## [About this task]
Please transcribe the data exactly as shown, skipping the images.

--- Data shown Enclosed Below ---

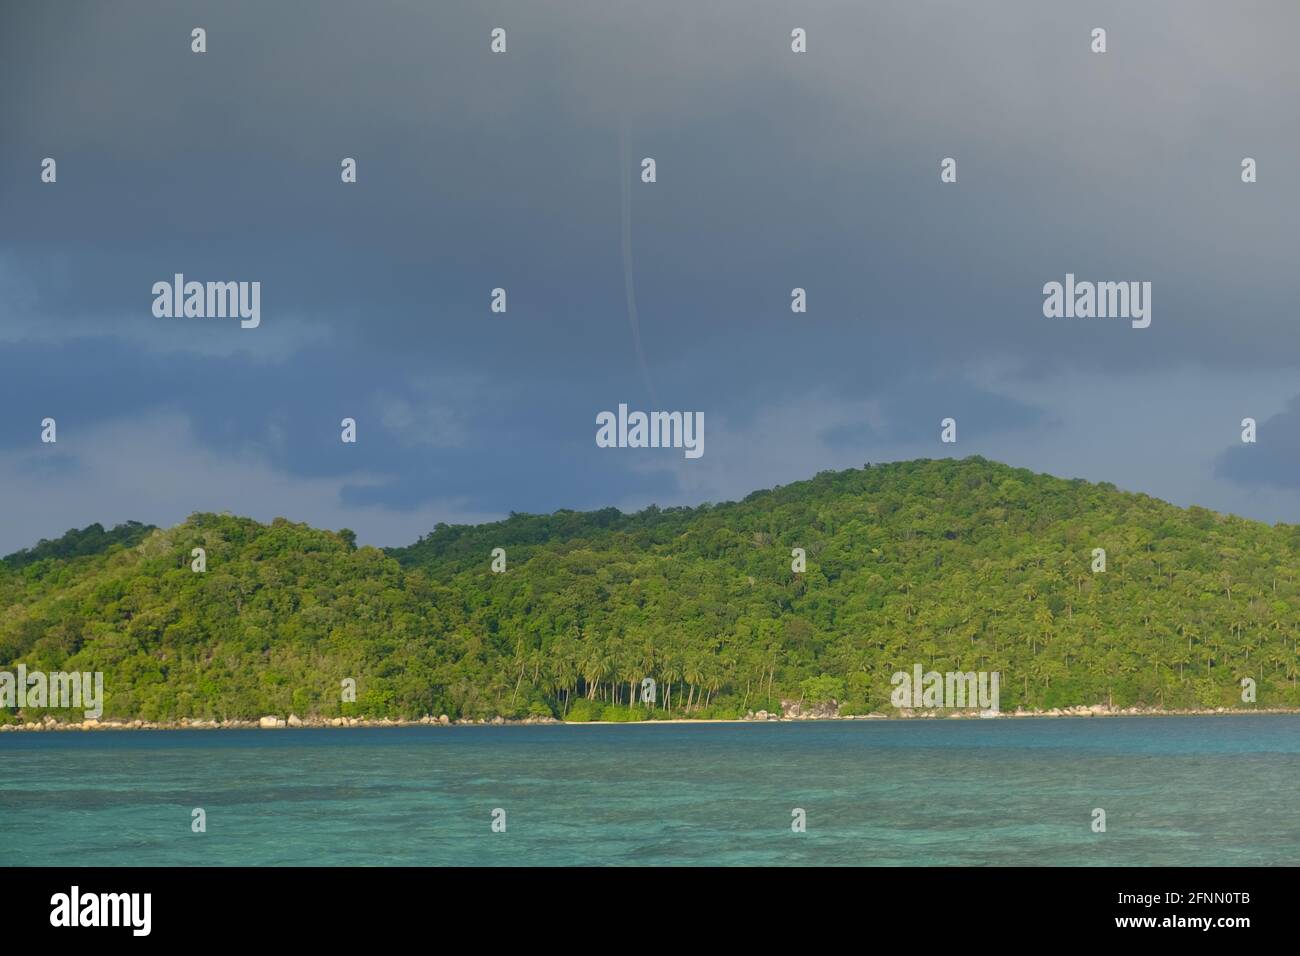 Indonesia Anambas Islands - Telaga Island coastline and waterspout Stock Photo
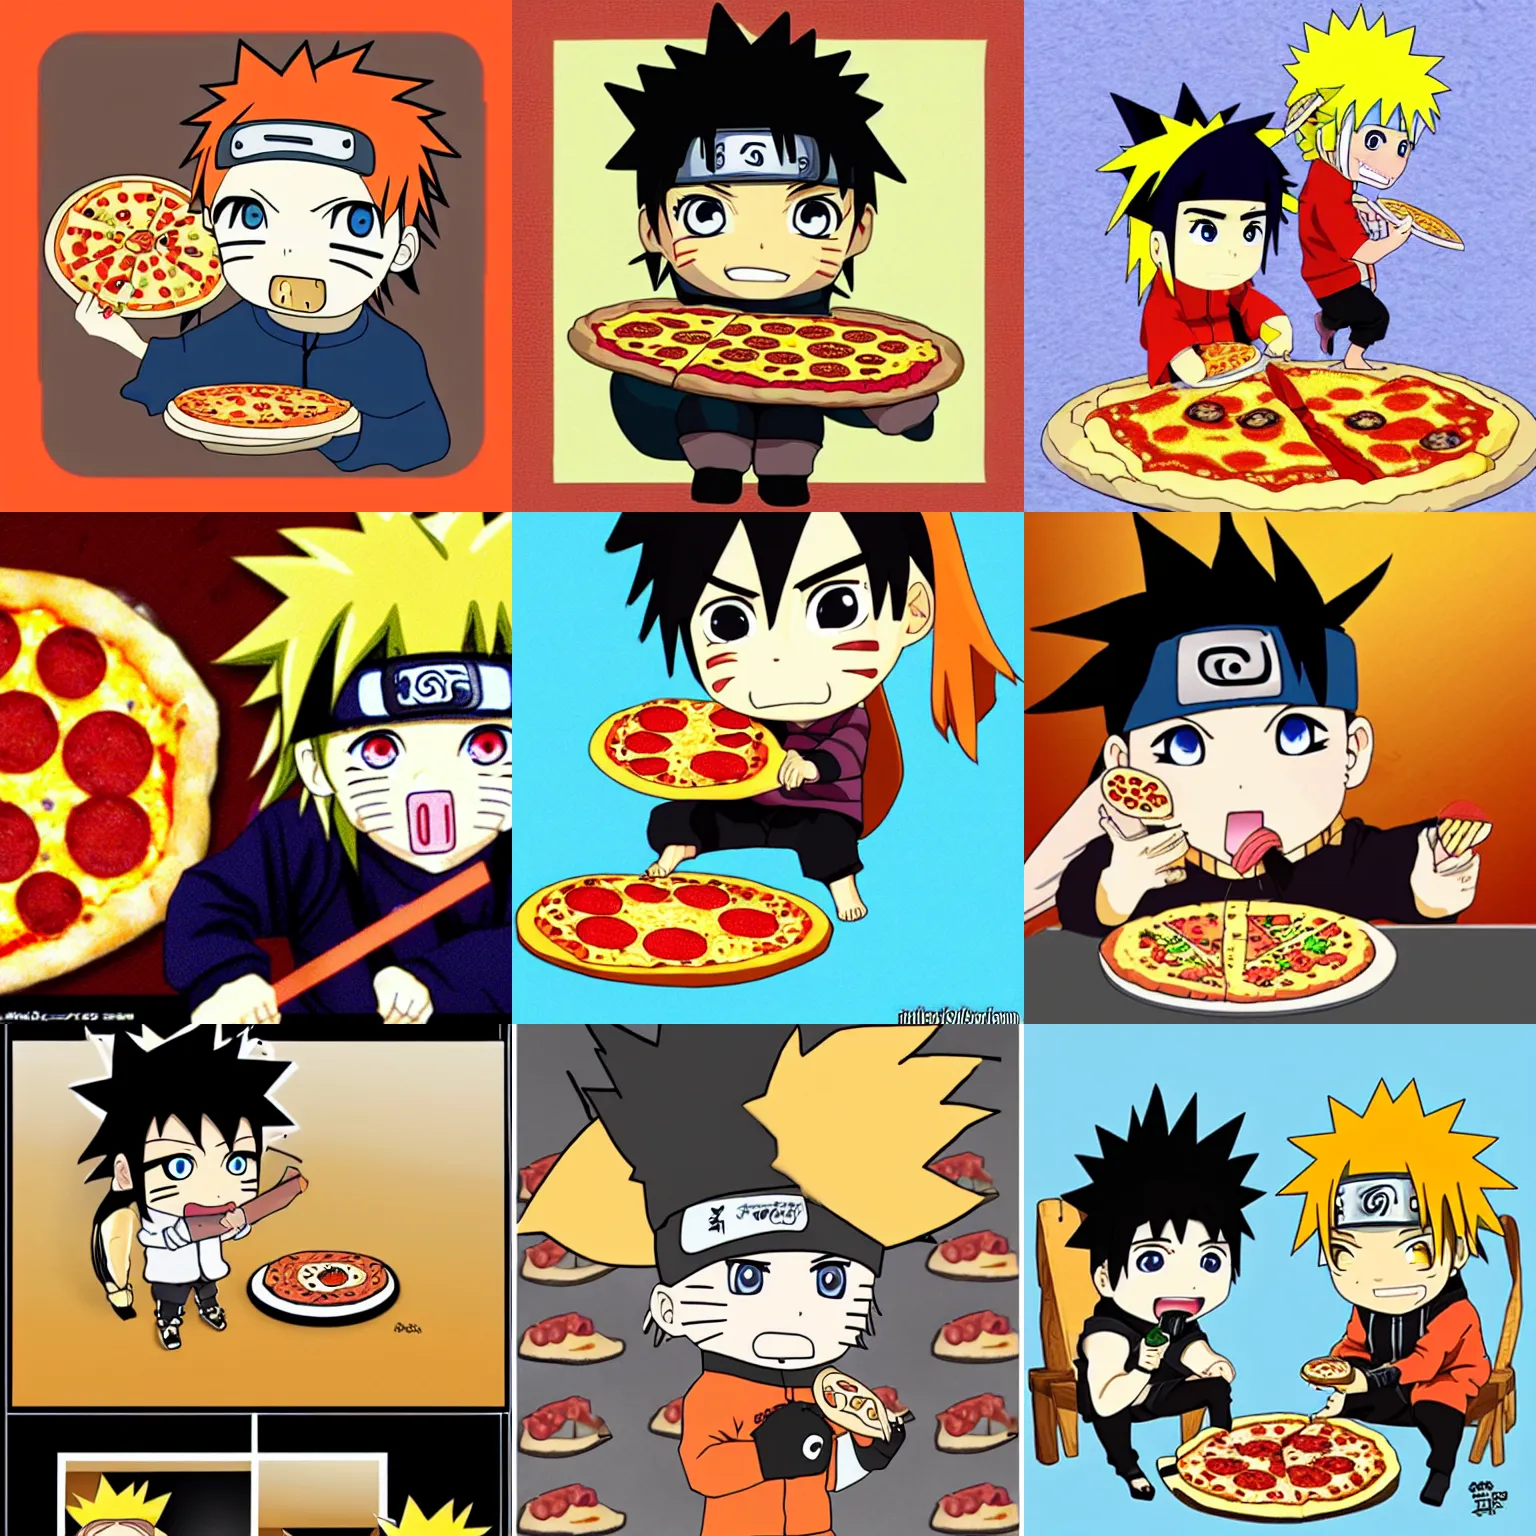 Prompt: Chibi Naruto eating pizza
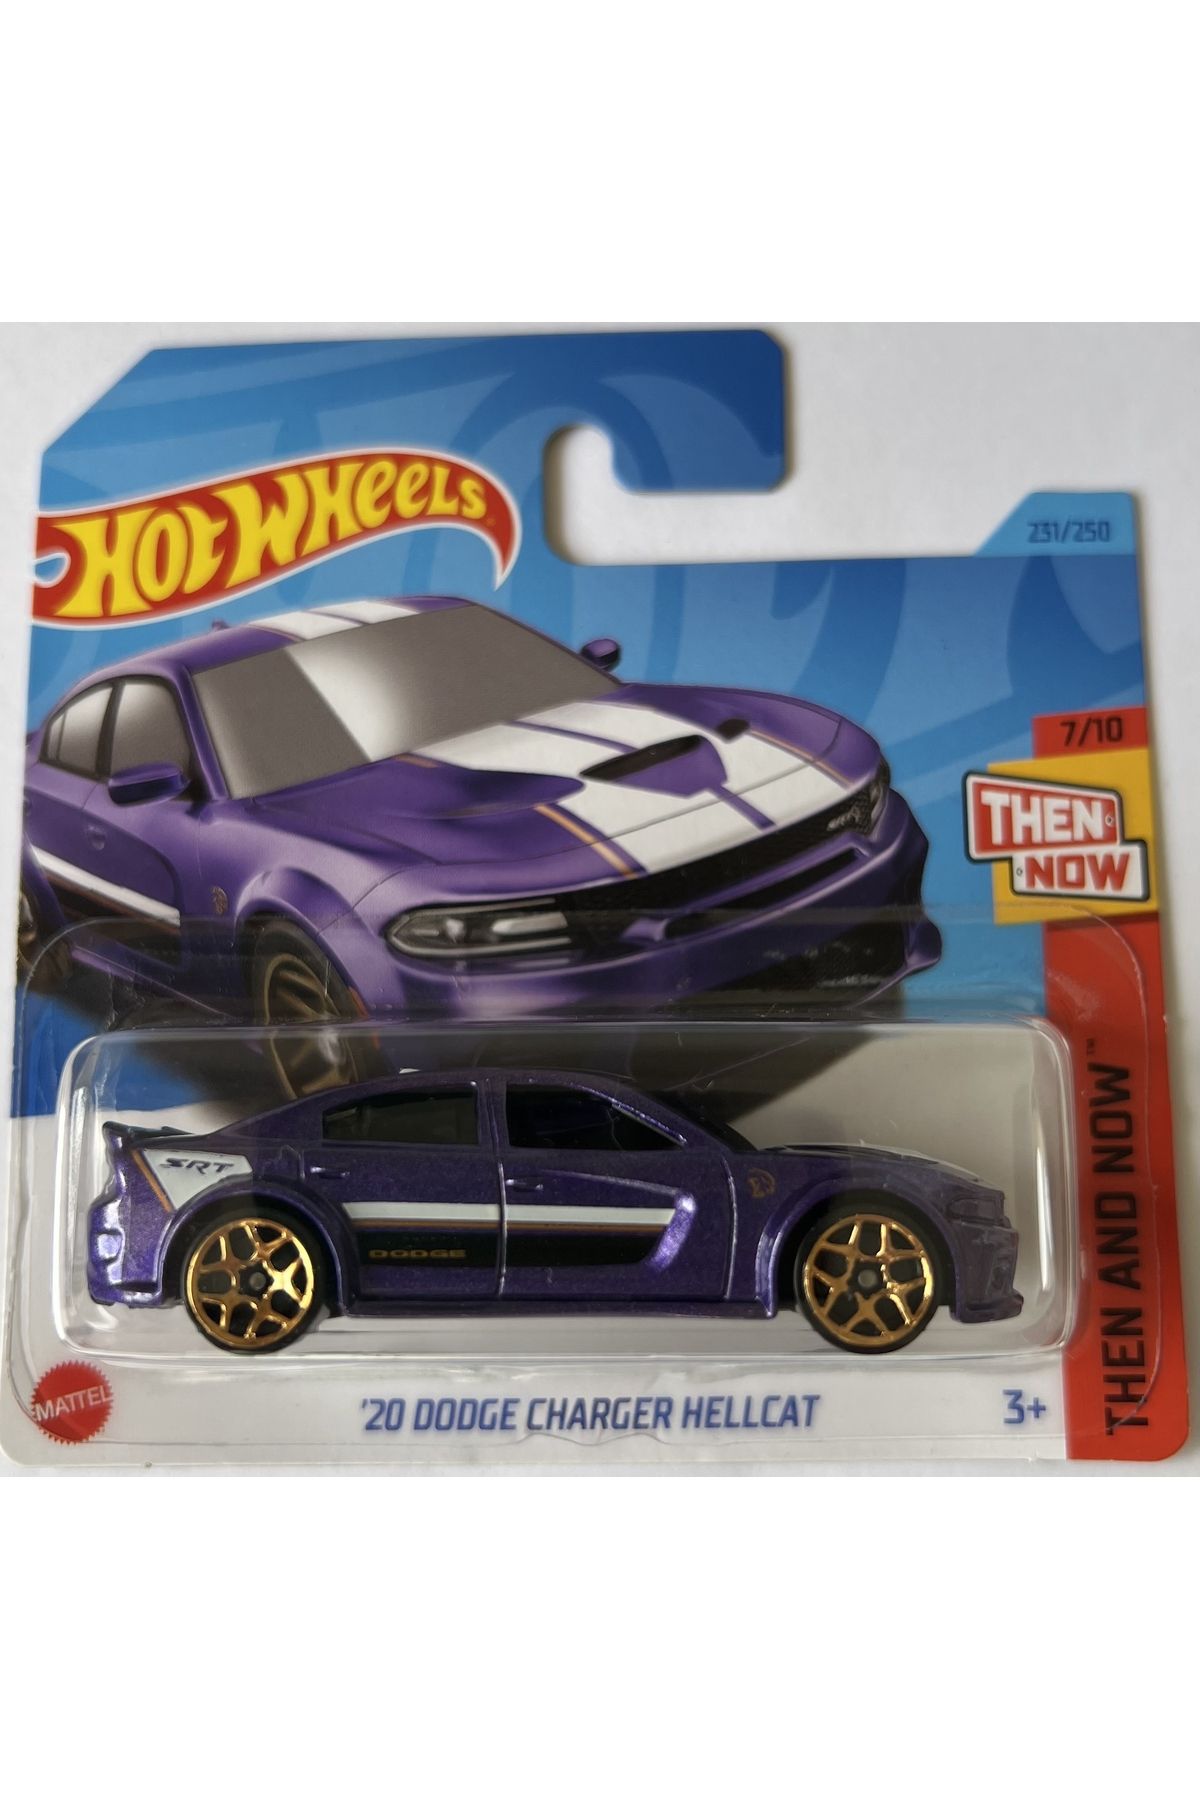 HOT WHEELS 20 Dodge Charger Hellcat
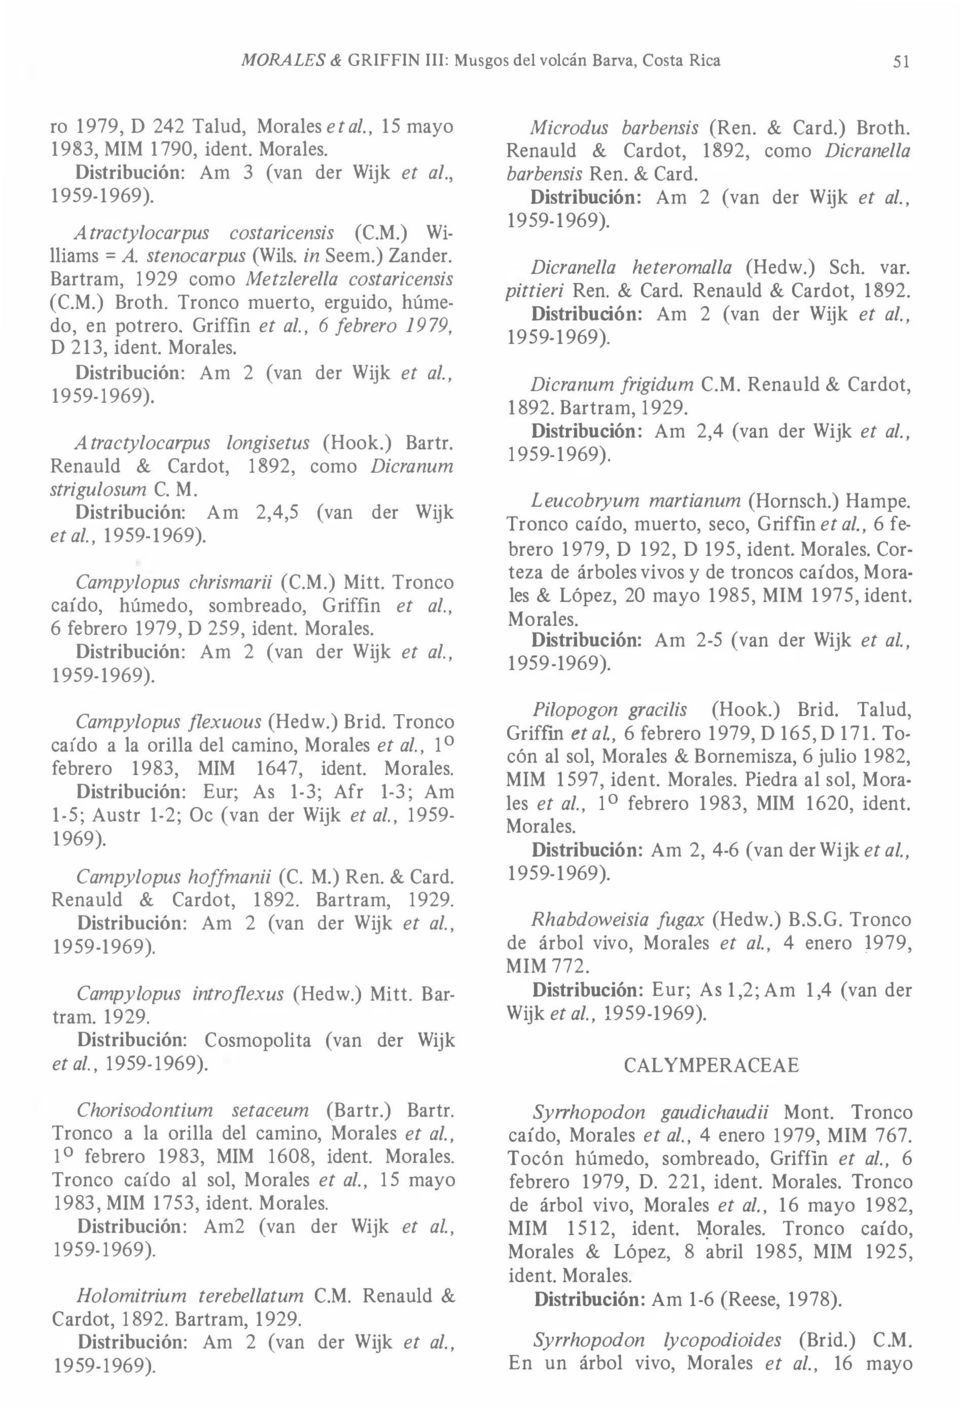 Griffin et al., 6 febrero 1979, D 213, ident. A tractylocarpus longisetus (Hook.) Bartr. Renauld & Cardot, 1892, como Dicranum strigulosum C. M. Distribución: Am 2,4,5 (van der Wijk et al.

--- End of Enclosed Data shown ---

## [Solution to this task]
 Indonesia Anambas Islands - Telaga Island coastline and waterspout Stock Photo
 Prompt: Chibi Naruto eating pizza
 HOT WHEELS 20 Dodge Charger Hellcat
 Griffin et al., 6 febrero 1979, D 213, ident. A tractylocarpus longisetus (Hook.) Bartr. Renauld & Cardot, 1892, como Dicranum strigulosum C. M. Distribución: Am 2,4,5 (van der Wijk et al.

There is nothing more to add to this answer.